*SOURCE MATERIAL:*

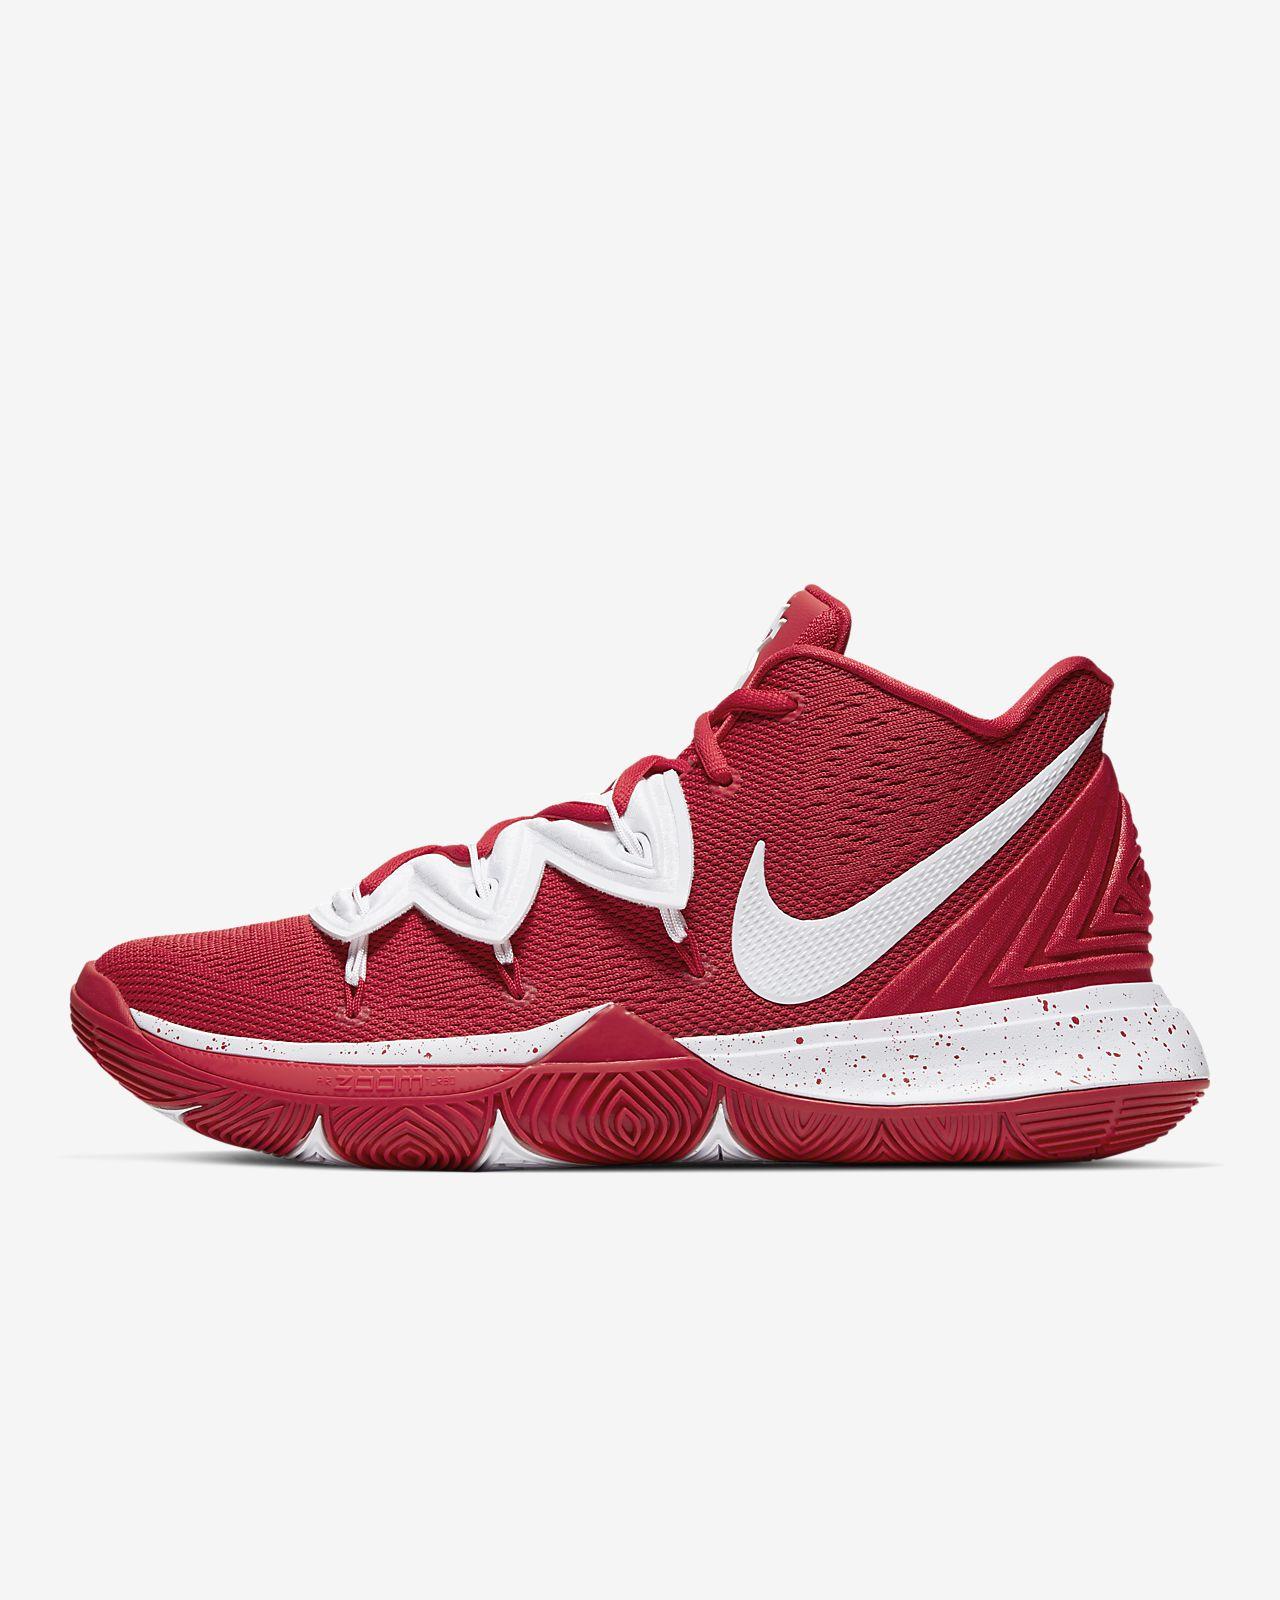 Kyrie 5 (Team) Shoe
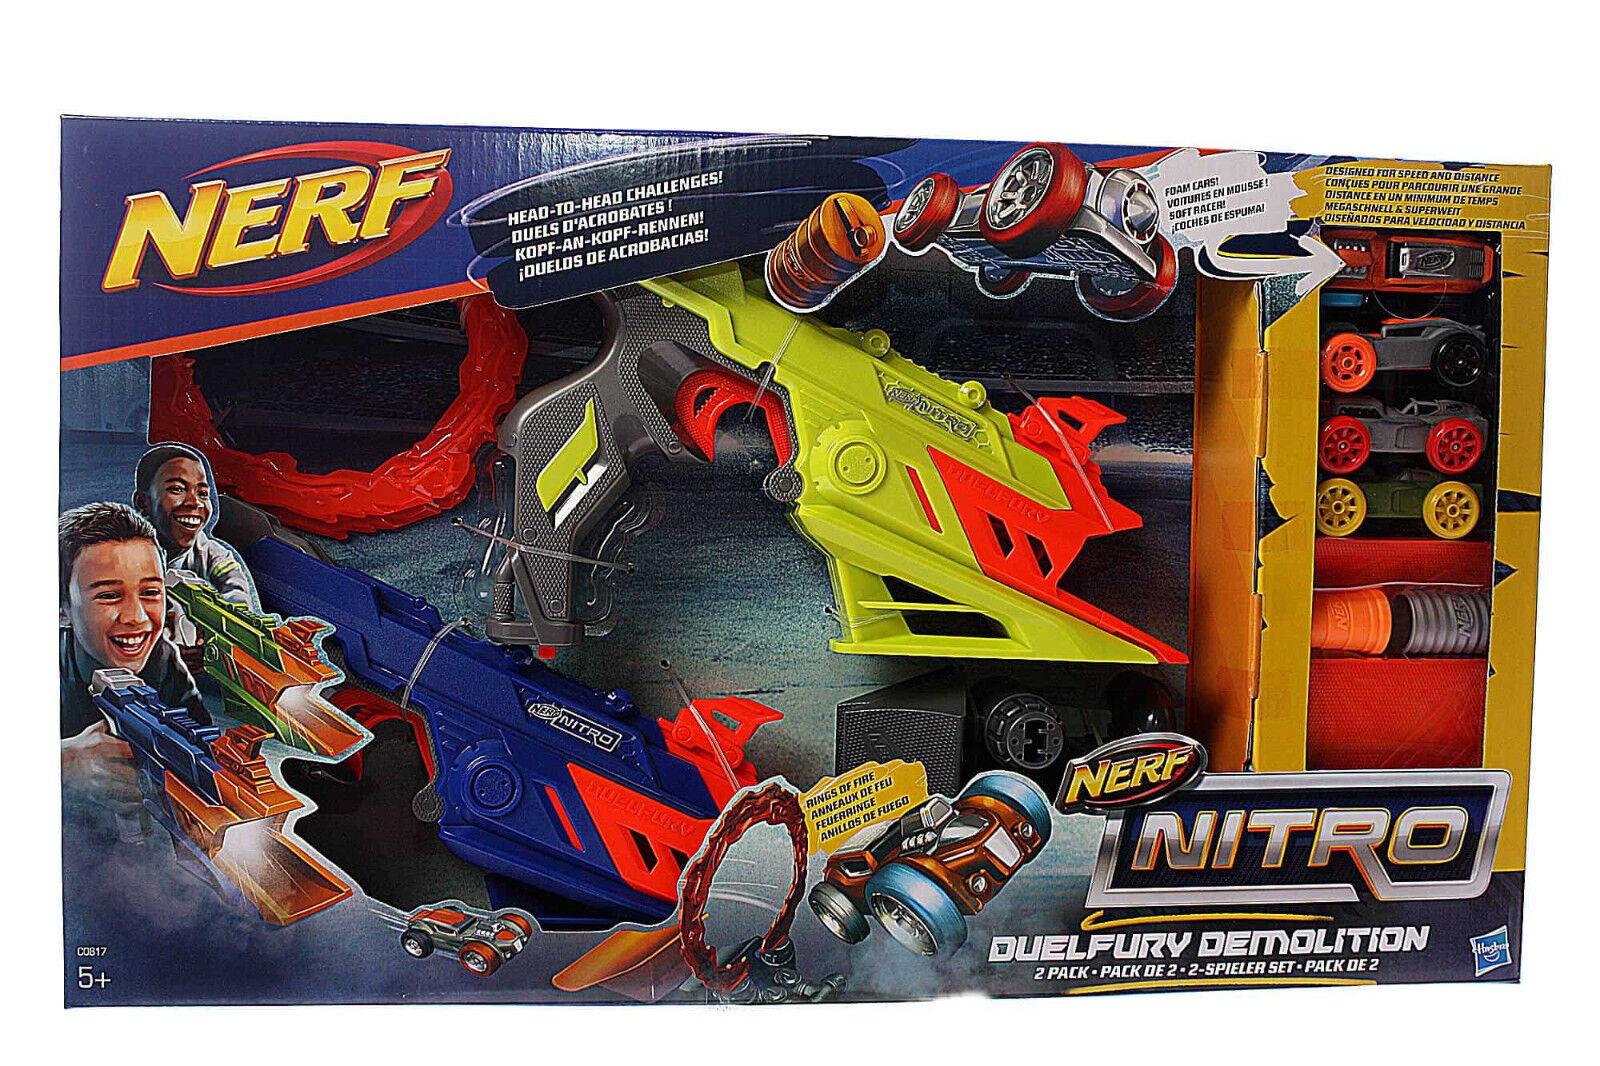 Hasbro Nerf Spielzeug Spielzeugblaster Nitro DuelFury Demolition Fahrzeugblaster
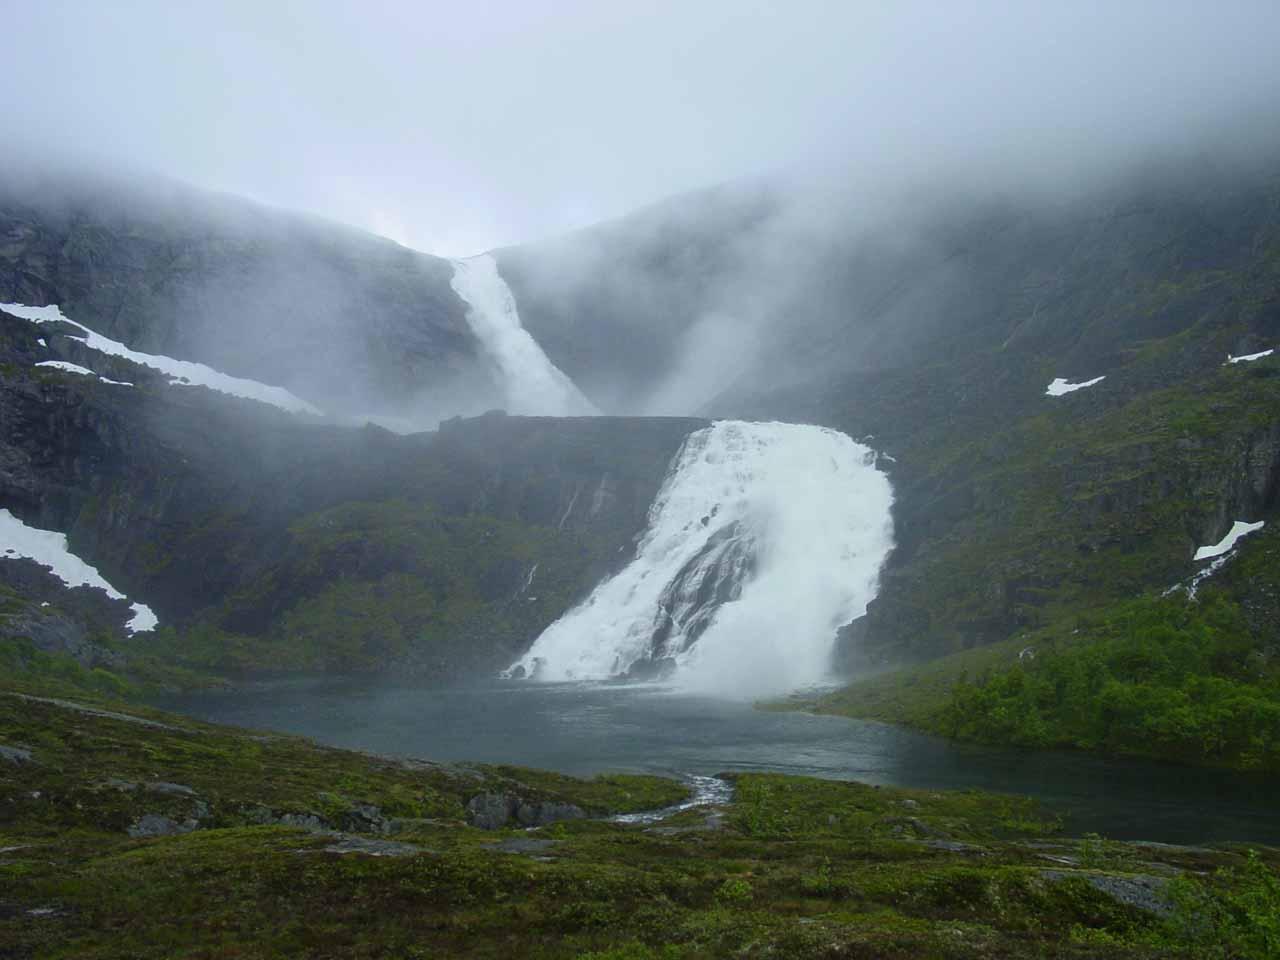 Søtefossen - the last of the four major waterfalls in Husedal Valley
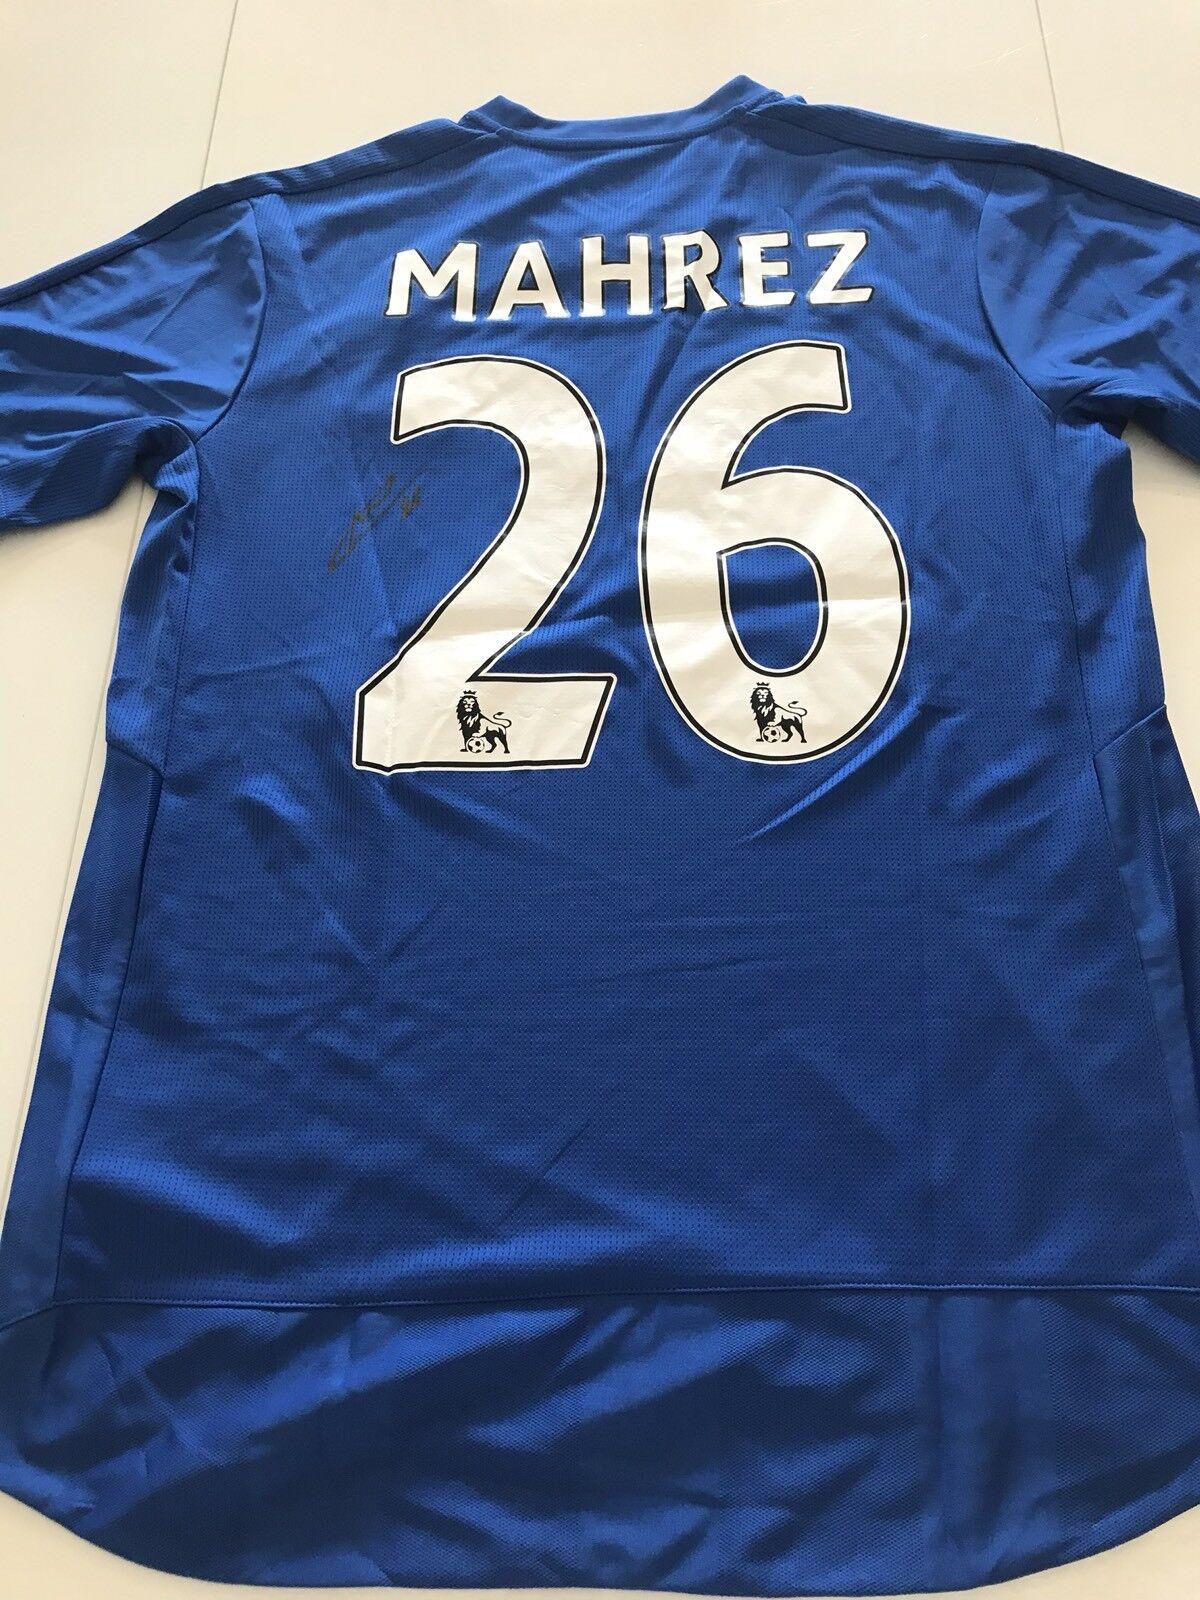 Maillot Football Riyad Marhez Leicester City 2015 16 Signed Signé Vintage COA

*WHAT IS EXPECTED:*
Repeat the line that contains "Hasbro Nerf Spielzeug" and each line after it, through the last line of the listing, exactly and alone; pictures stay out of the repeat.

*RESPONSE AREA:*
 Hasbro Nerf Spielzeug Spielzeugblaster Nitro DuelFury Demolition Fahrzeugblaster
 Søtefossen - the last of the four major waterfalls in Husedal Valley
 Maillot Football Riyad Marhez Leicester City 2015 16 Signed Signé Vintage COA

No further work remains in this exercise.